Odilón observó la silueta alta y delgada de Juan de Marburgo. Con la edad y la oración permanente, se había encorvado ligeramente y parecía más viejo de lo que realmente era. Sin duda alguna, Juan de Marburgo no estaba en paz, sino que seguía siendo presa de tormentos interiores que catorce años de oración no habían curado. En ese instante, el fraile supo que el abad lo había intuido.

—Padre —dijo en un tono que quería que fuese sosegado y resuelto—, no hace falta ser maestro de obras para darse cuenta de que nuestros edificios conventuales se han quedado demasiado pequeños en relación con el crecimiento de la comunidad. Si me permitís utilizar las palabras del hermano Jotsaldo, él acostumbra a decir que «es tan dulce vivir bajo el yugo paterno de Odilón, que una multitud de almas cristianas vienen a pedir a Cluny la paz que les niega el siglo». Esto es tan exacto que hace catorce años éramos ochenta y actualmente somos el doble… Convendría, pues, ampliar la sala del capítulo, el dormitorio y…

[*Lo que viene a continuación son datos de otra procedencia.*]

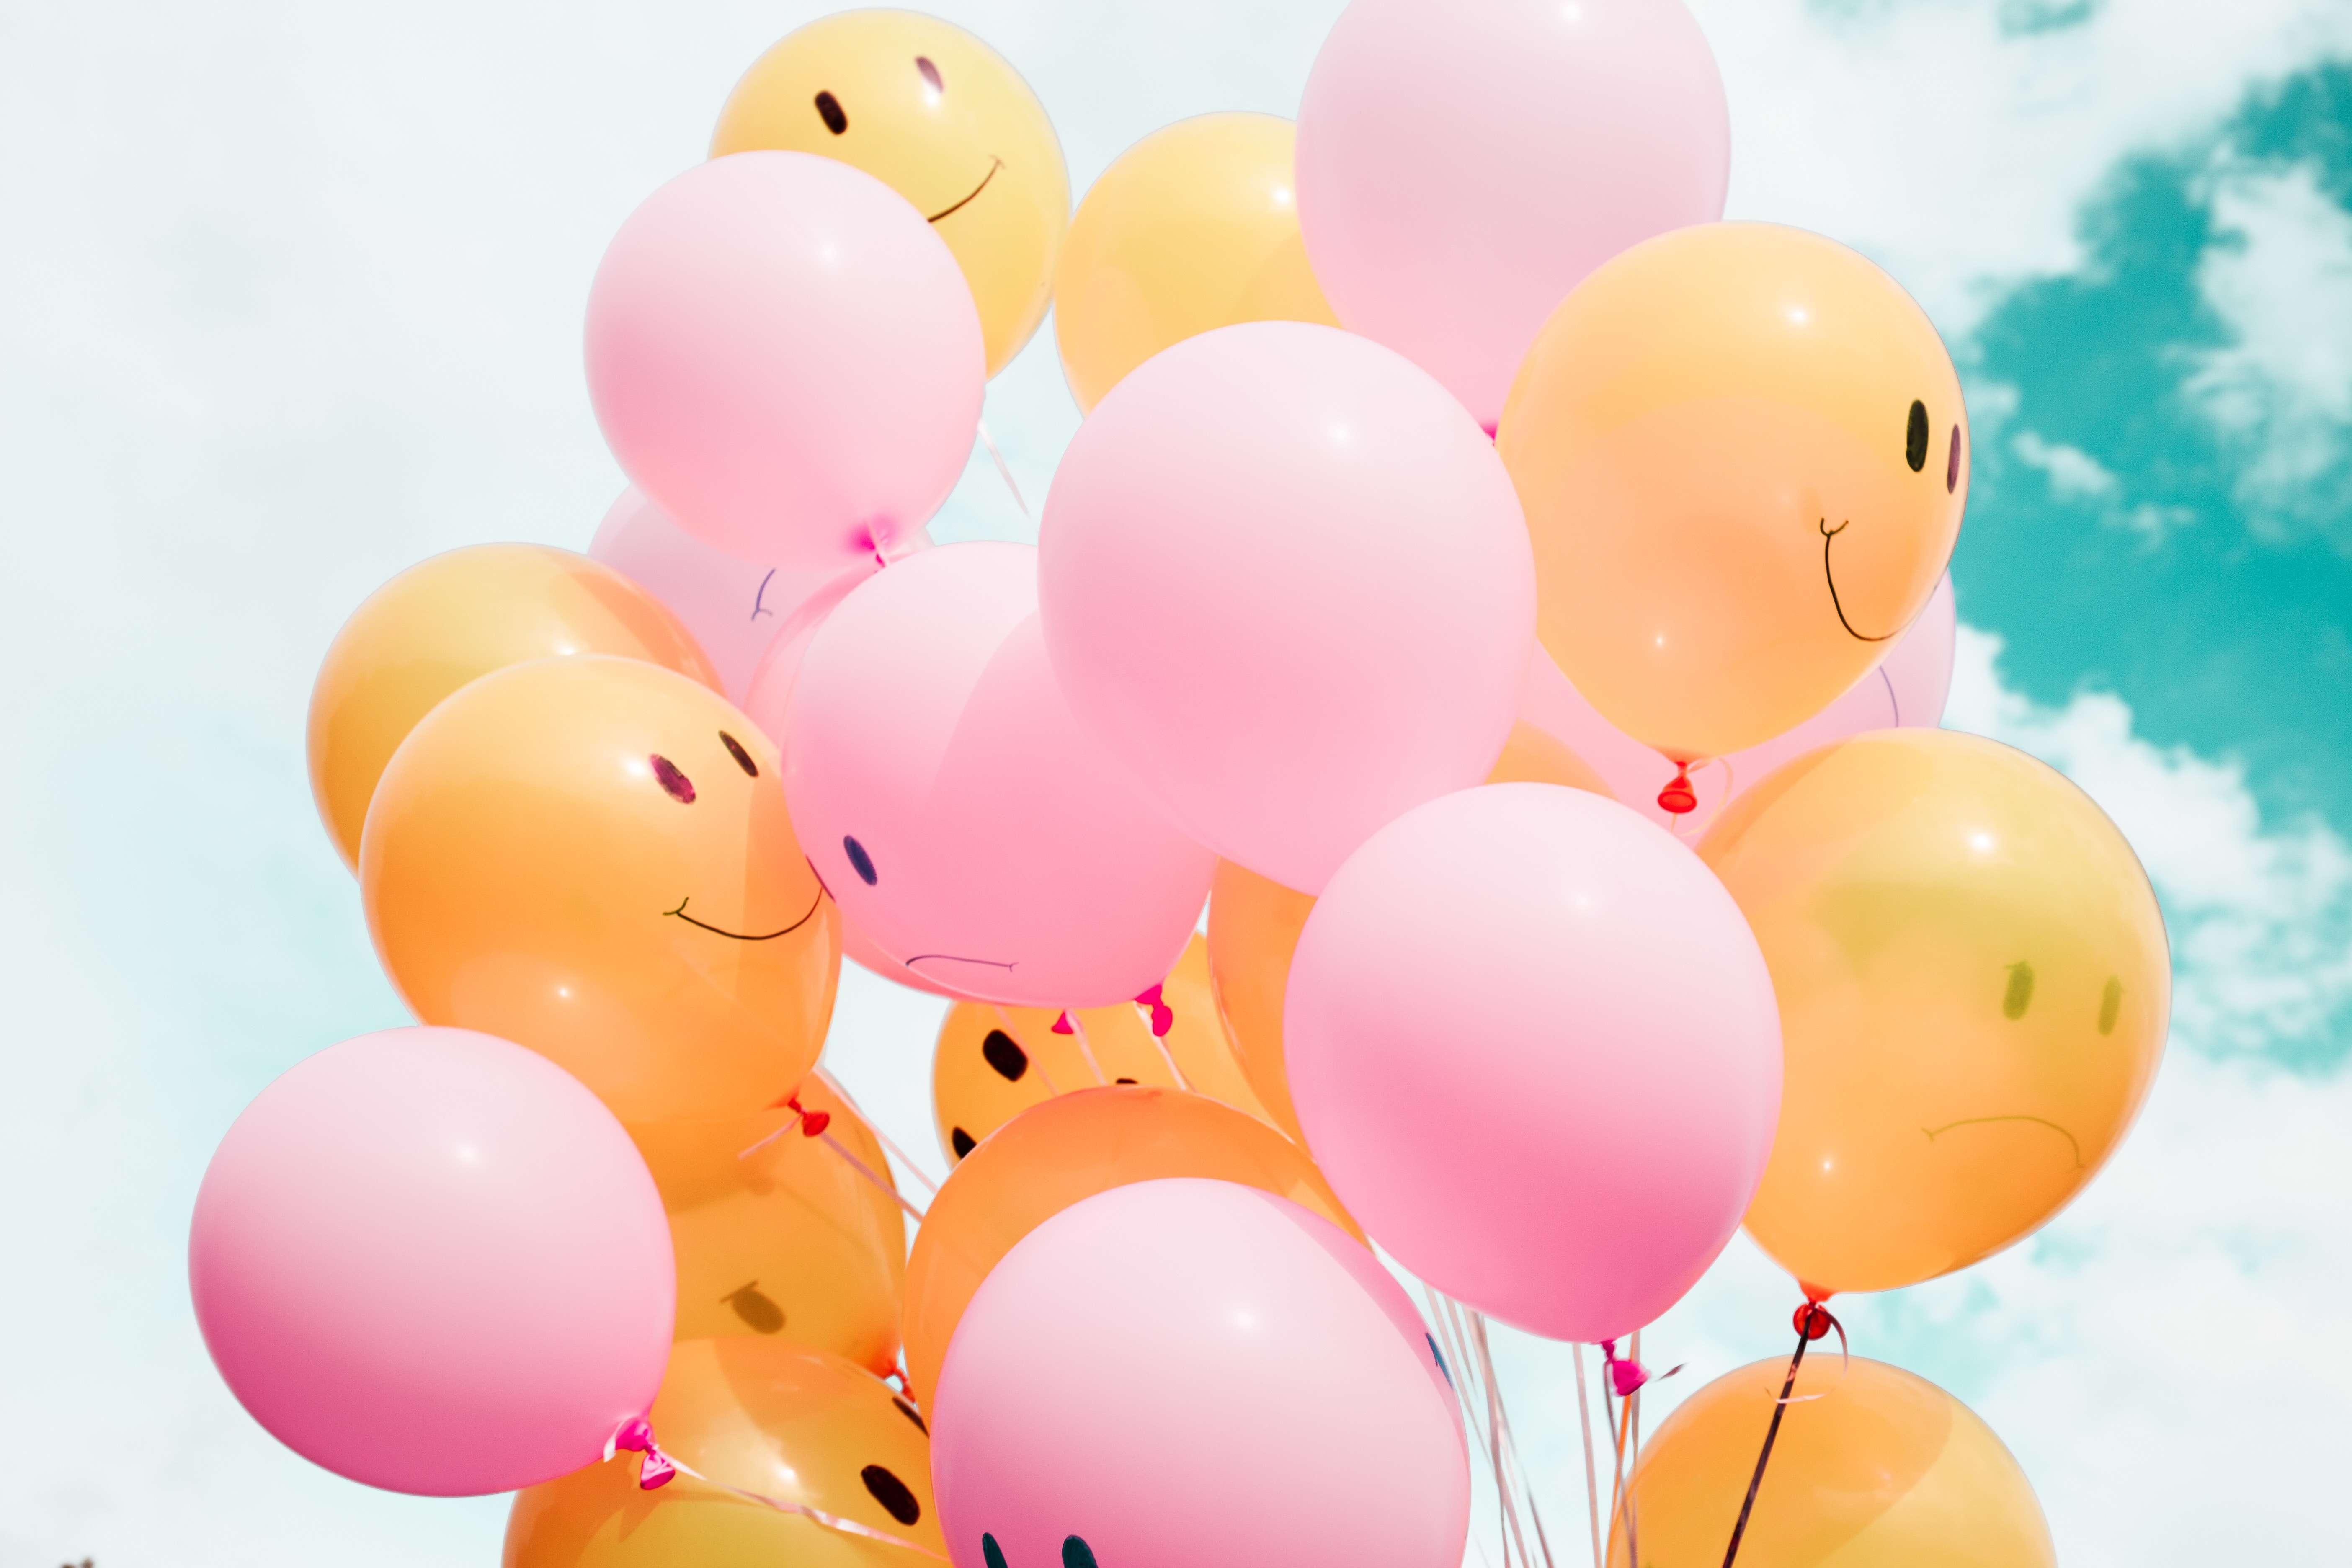 7 Inspiring Ways to Lift Your Spirits Now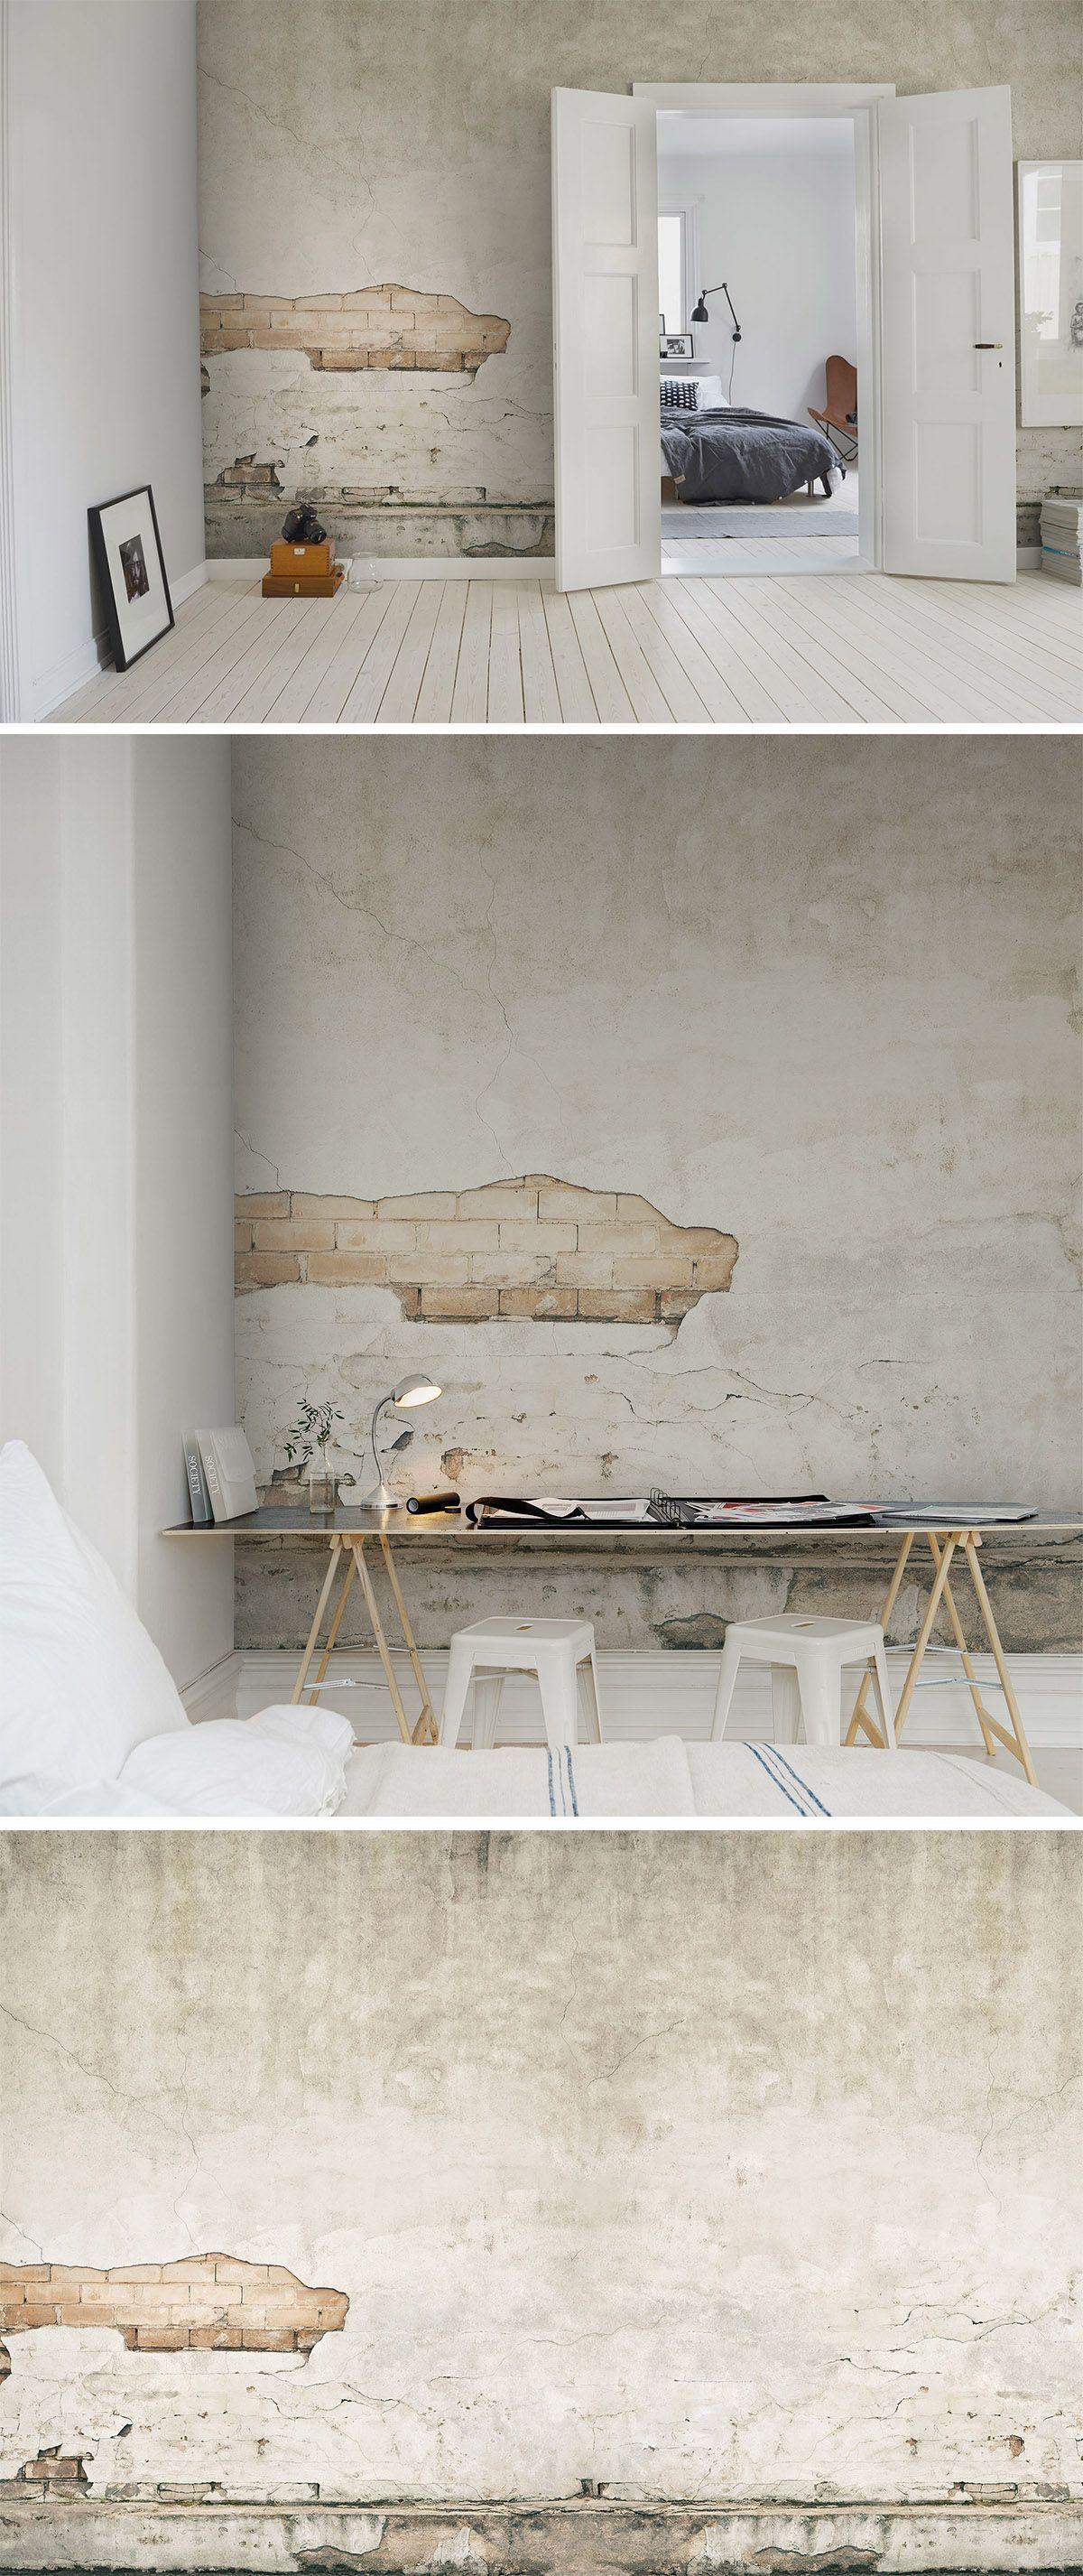 Frontage Wallpaper Living Room Brick Wallpaper Tiles Wall Wallpaper

—Es cierto que este siglo es cruel y que no perdona a ninguna alma, ni siquiera cristiana —le cortó Odilón—. La paz es el bien más precioso y el único refugio, puesto que permite acceder al amor divino. Desgraciadamente, los hombres se sienten más inclinados a devorarse entre sí que a buscar la paz. El demonio los guía. Nosotros, pobres monjes, debemos ser ejemplares y mostrarles la vía. Pero no olvidéis jamás, hijo mío, que nadie obtiene la paz si no la desea.

Fray Juan de Marburgo miró al abad: los ojos del anciano brillaban de inteligencia y de malicia. El monje comprendió que ese sermón iba dirigido directamente a él. En su infinita bondad, Odilón no le hacía ningún reproche. Sin embargo, fray Juan sabía que él no merecía esa indulgencia.

—Sí, padre —contestó, inclinando mucho la cabeza.

Como casi siempre, se sentía indigno de estar allí, en Cluny, la abadía más prestigiosa y poderosa de todo Occidente, él, tan culpable, tan incapaz de parecerse a esa comunidad de ángeles gobernada por un santo.

—Dejando eso a un lado —prosiguió Odilón—, tengo otra carga que confiaros. En esta ocasión, no guarda relación con las piedras. Se trata de una tarea delicada, de la máxima importancia… y precisamente es una misión de paz.

Sorprendido, Juan de Marburgo levantó la cabeza.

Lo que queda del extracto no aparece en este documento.